Tradere Scriptura Magister


----------



## uberpower (May 7, 2013)

*AXA Luxx 70 Plus*

I recently installed the AXA Luxx 70 Plus dynamo light. Have not tested the USB charging function yet, but am overall pleased with the light output while commuting on mostly well-lit streets. The horizontal cut-off optics are nice -- the lens directs the light onto the pavement and doesn't blind on-coming cyclists. I got a few compliments on the light from fellow commuters this week. I don't believe dynamo hubs and lights are very common in Montreal.

The automatic sensor functionality does not seem to be working, but I don't care, because I intended to have the light on at all times anyway. Since it's my first dynamo light, I don't have anything to compare the AXA to, but I also have a Herrmans H-One S in the mail for my "snow" bike, and I'll post my thoughts after I've used both.
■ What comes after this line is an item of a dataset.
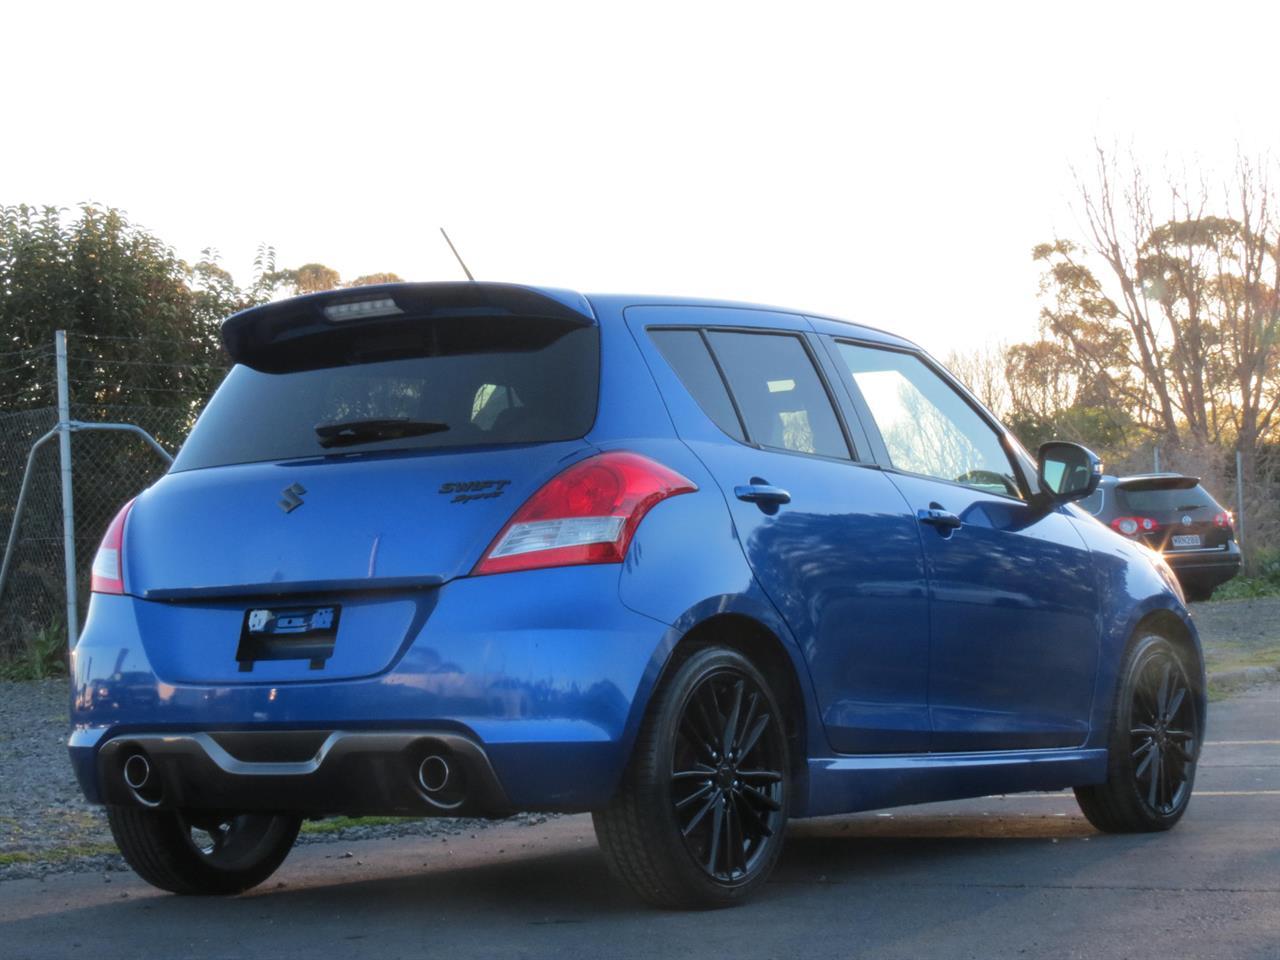 2013 Suzuki Swift | only $44 weekly

The installation was easy. I drilled the OMM front rack and passed the wire through it instead of using tie wraps. It worked beautifully. (Pardon the crappy cellphone pictures).


----------



## rodar y rodar (Jul 21, 2006)

I like your bikes, Uberpower 
I usually don`t turn my lights off either. Never heard of Axa or Herrmans. Did you buy them from NA or ordered from Europe? And what hub is that? Nice idea routing inside the rack strut- I gave up trying to find hidden routing, eventually just went to taping computer and light wires to the fork leg. I do have a reatively slick routing method for my dyno powered tail light, which completely eliminated the snaggin problems I used to experience. I passed the wire through a piece of 1/4 inch irrigation line (black plastic that looks just like brake cable housing) and lay that tubing between two of the TT-routed cables, using a pair of plastic clips to keep it there. Did you make those skewer mounts on your racks youself?


----------



## blockphi (Mar 26, 2012)

Just picked up a new light yesterday - Cygolite's Expilion 680 USB. Nice light for the money, overall. My initial take is available here.

I have to get some trail time with it to see what I really think about it, which I think I might try to do this weekend.


----------



## Straz85 (Mar 20, 2009)

Regarding aiming it, you have to remember that bike lights don't have a cutoff like car headlights. Make sure the whole hot spot of the light is aimed at the ground. I have a NiteRider MiNewt 600 (predecessor to the Lumina series, almost exactly the same thing) and never get flashed when keeping the hot spot aimed about 10' in front of the bike.


----------



## Harold (Dec 23, 2003)

Straz85 said:


> Regarding aiming it, you have to remember that bike lights don't have a cutoff like car headlights. Make sure the whole hot spot of the light is aimed at the ground. I have a NiteRider MiNewt 600 (predecessor to the Lumina series, almost exactly the same thing) and never get flashed when keeping the hot spot aimed about 10' in front of the bike.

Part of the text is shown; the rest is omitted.